━━━ Information provided
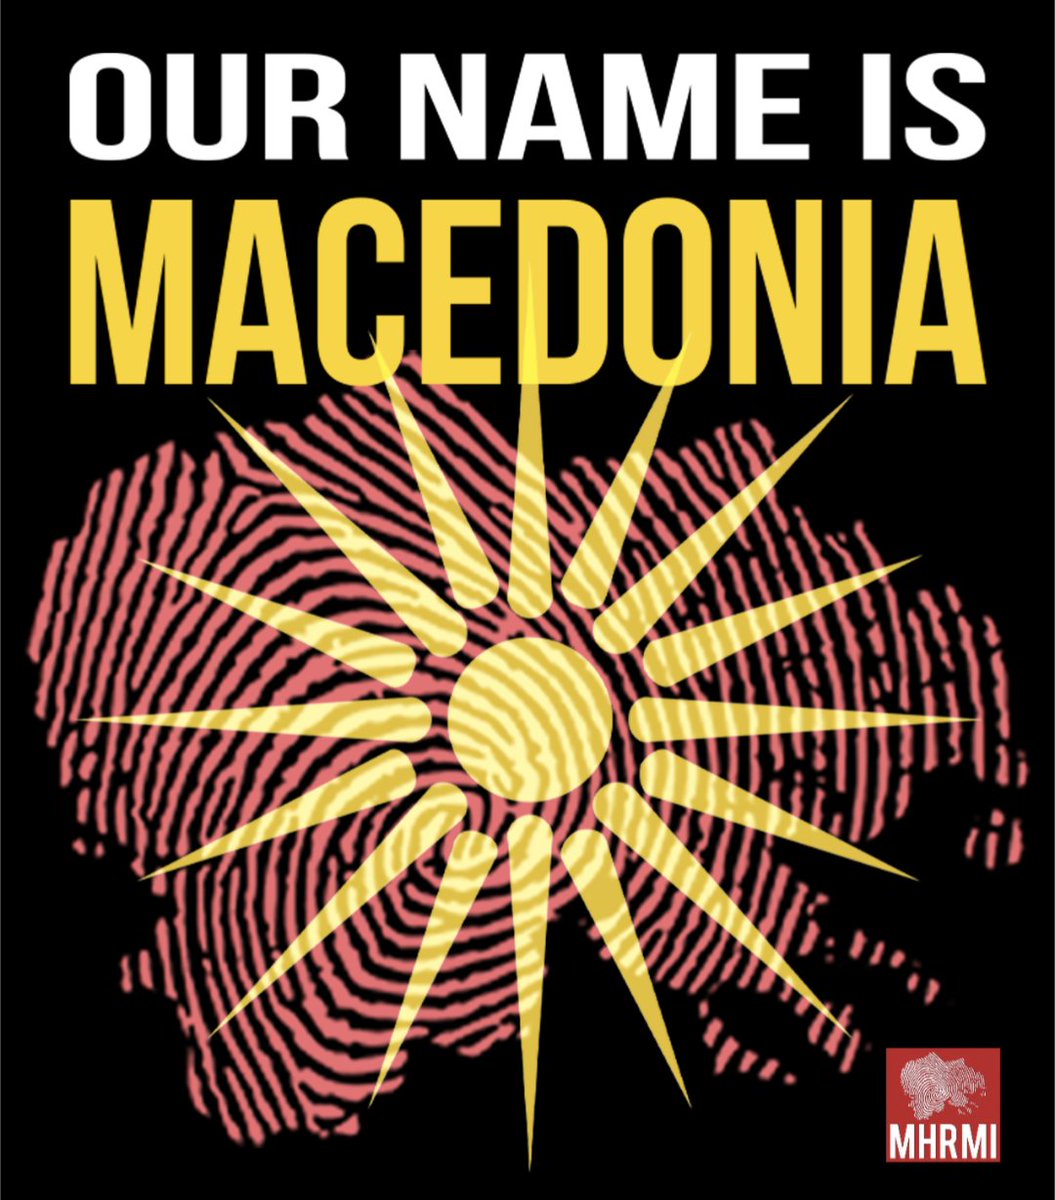 Macedonians, stop allowing people to treat #Macedonia as if it's 'new'. Independence of (part of) a state is not the birth of a nation. We are thousands of years older than the imperialists who want to control us.
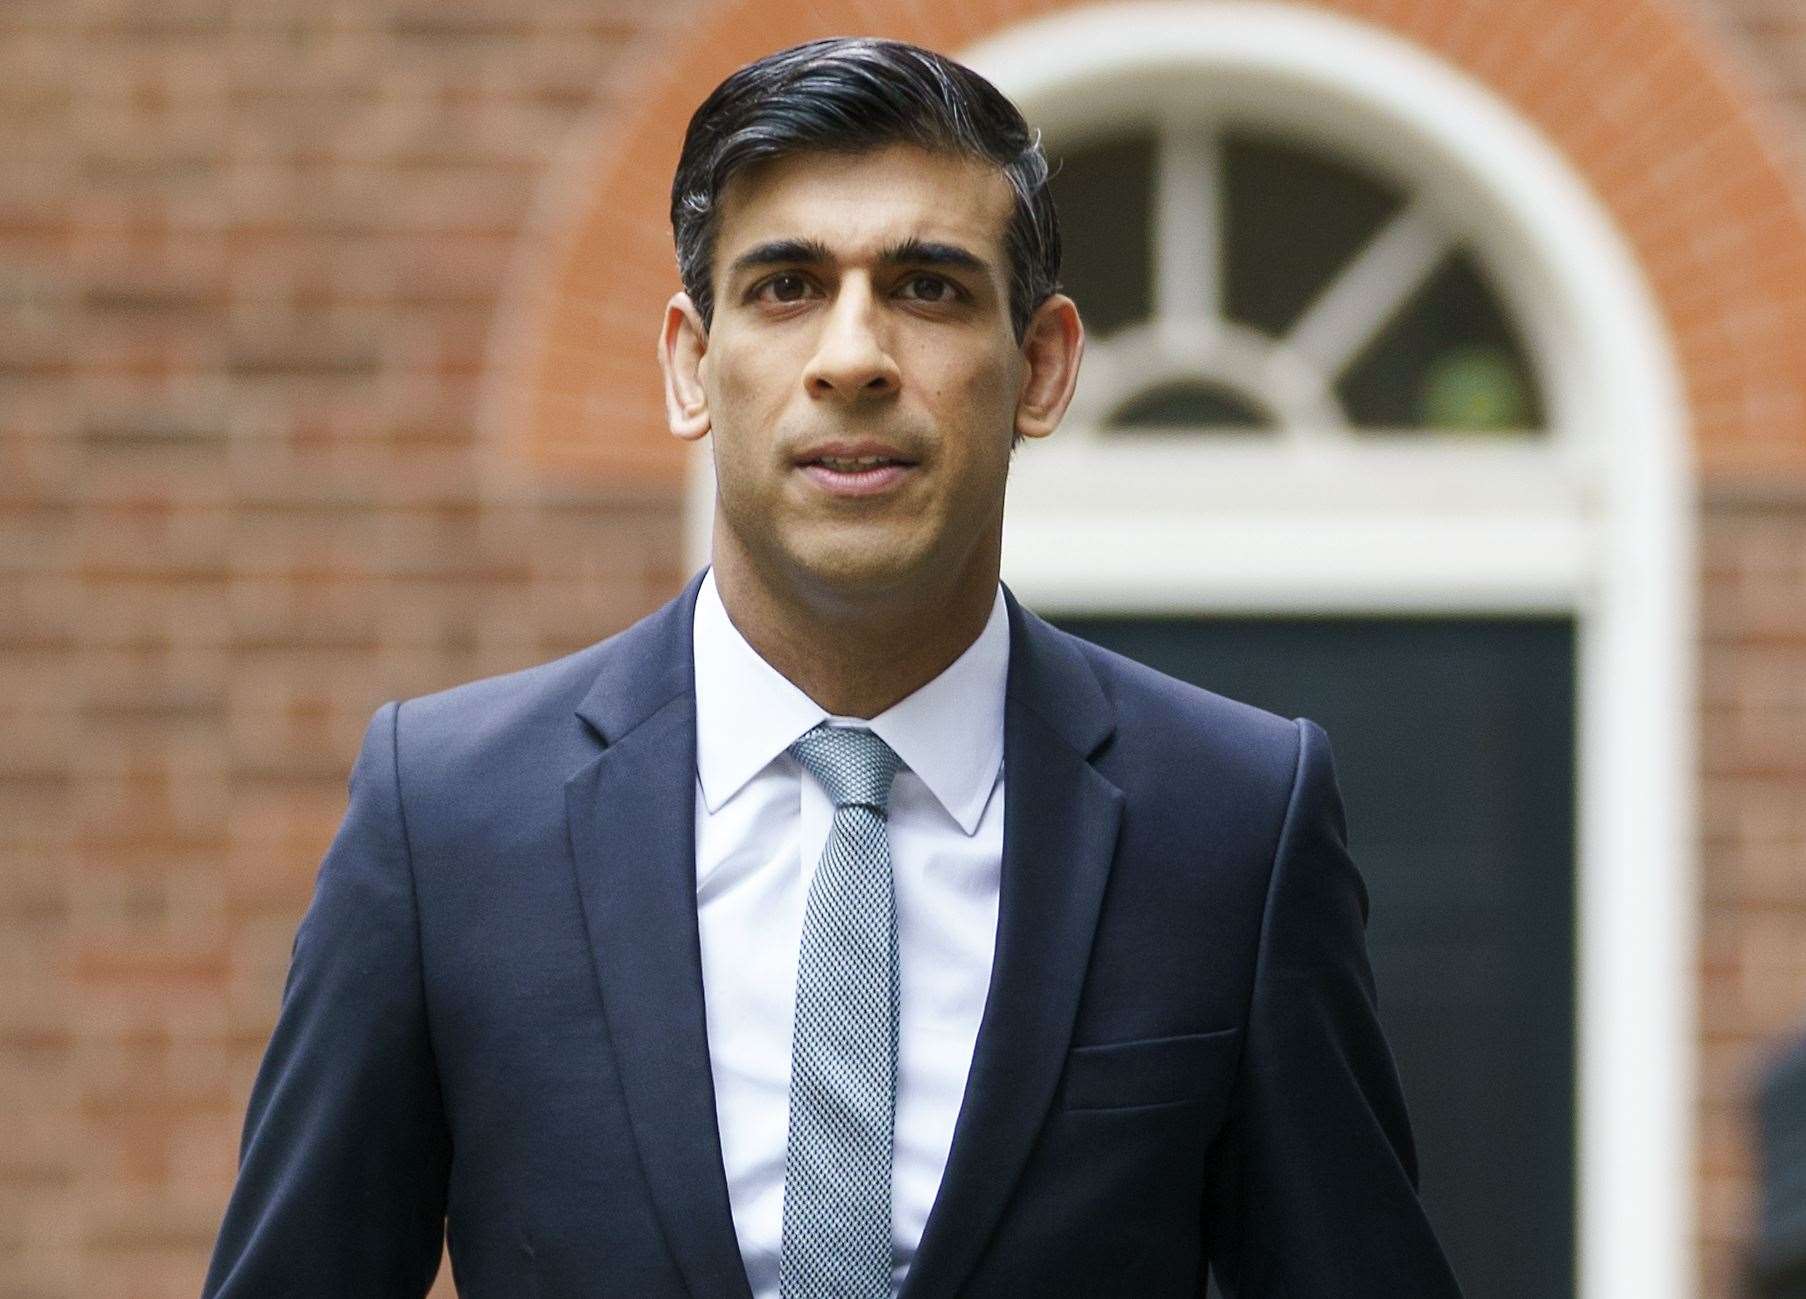 Chancellor Rishi Sunak has committed more spending to help firms due to the lockdown. Picture: Pippa Fowles/No 10 Downing Street
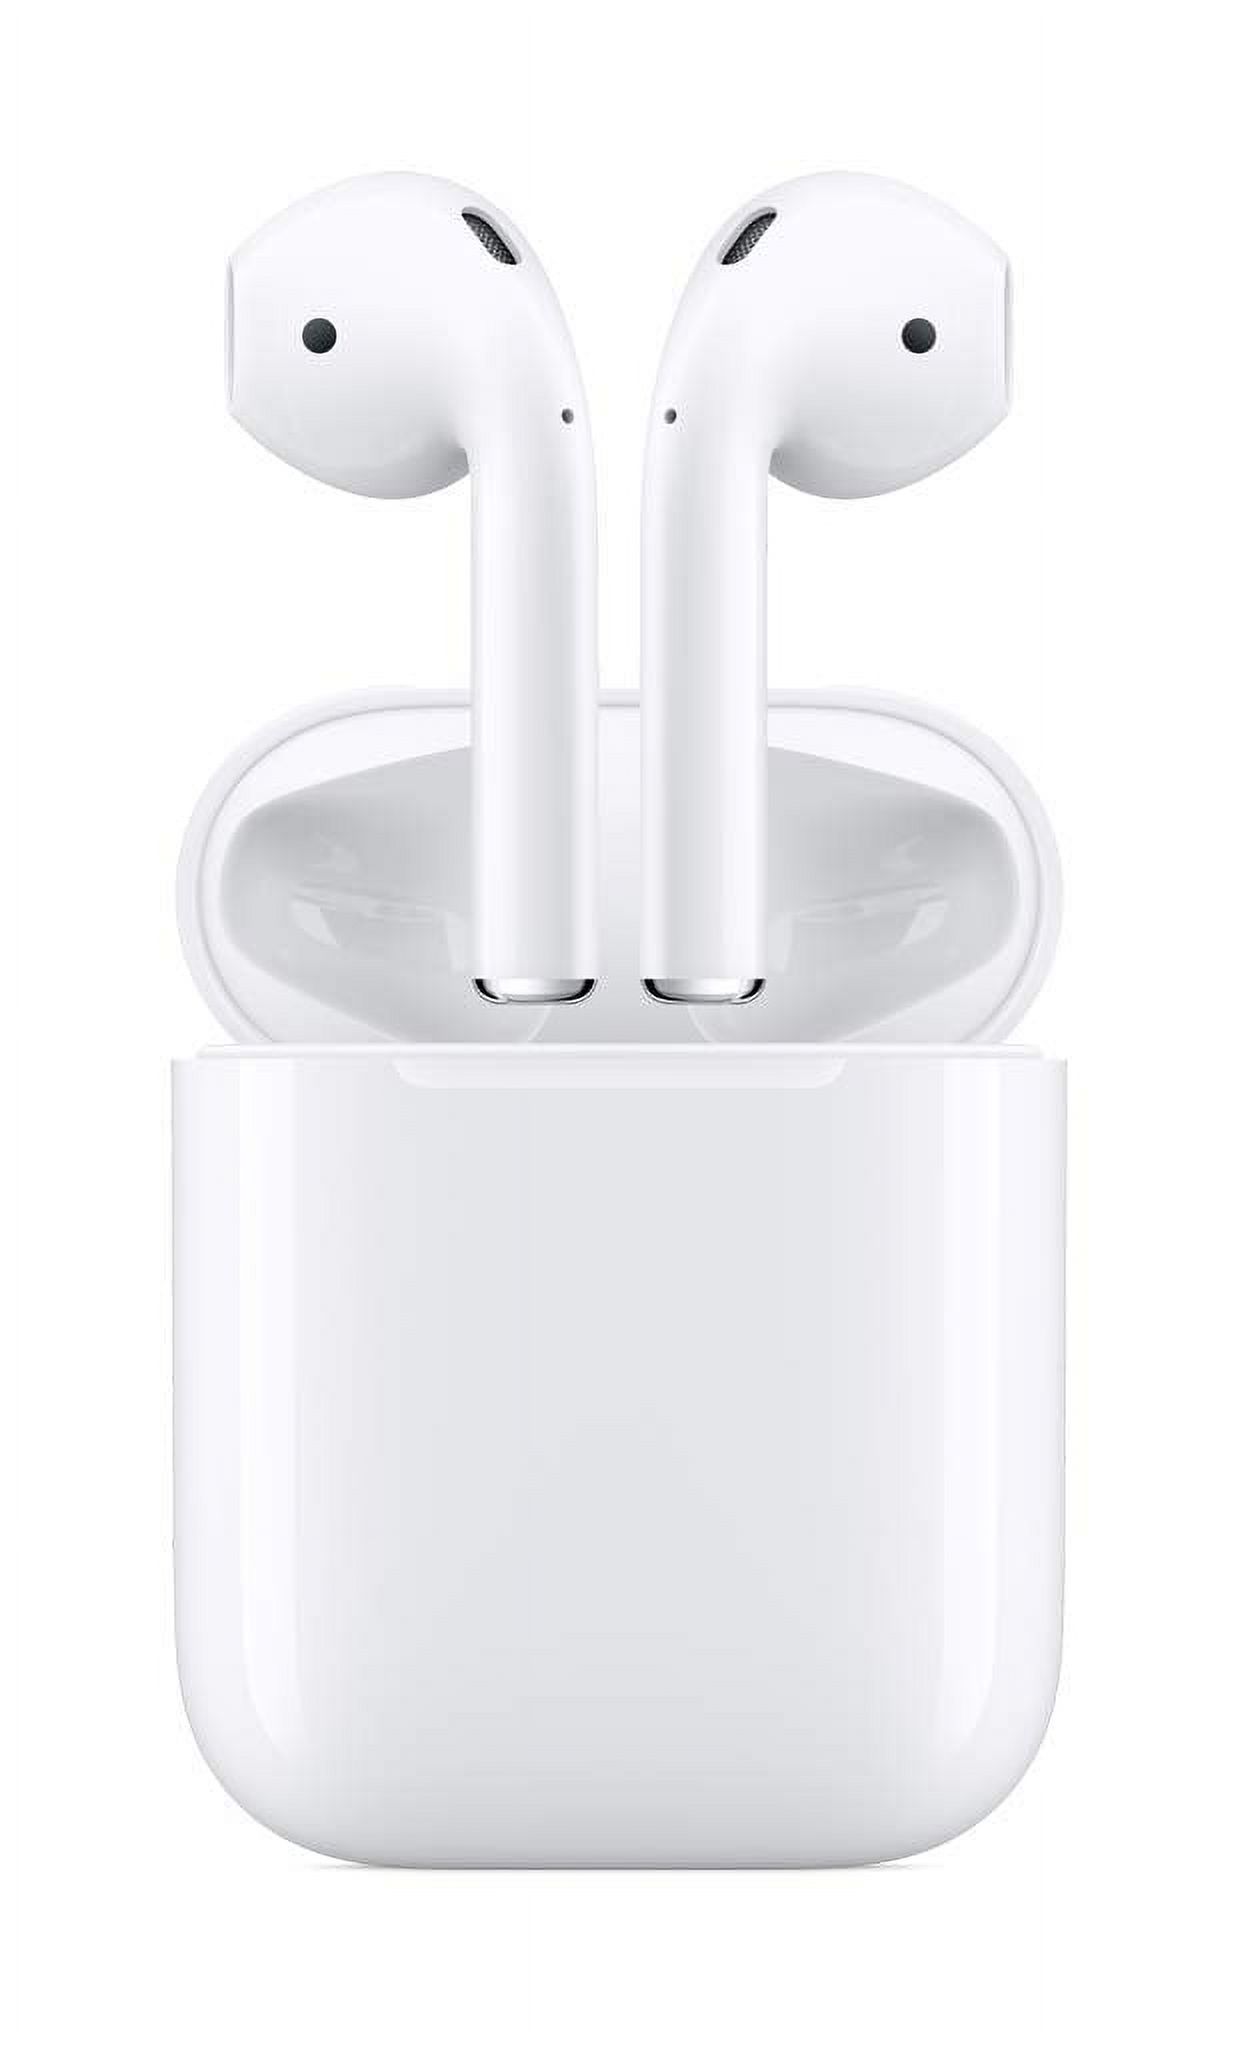 Restored Apple True Wireless Headphones with Charging Case, White, VIPRB-MV7N2AM/A (Refurbished) - image 3 of 5
━━━━━━
**Assignment**
In the listing, find the line with "Chancellor Rishi Sunak" and retype exactly from there through the last line, both included, leaving the pictures out.

**Response to this task**
 Chancellor Rishi Sunak has committed more spending to help firms due to the lockdown. Picture: Pippa Fowles/No 10 Downing Street
 Restored Apple True Wireless Headphones with Charging Case, White, VIPRB-MV7N2AM/A (Refurbished) - image 3 of 5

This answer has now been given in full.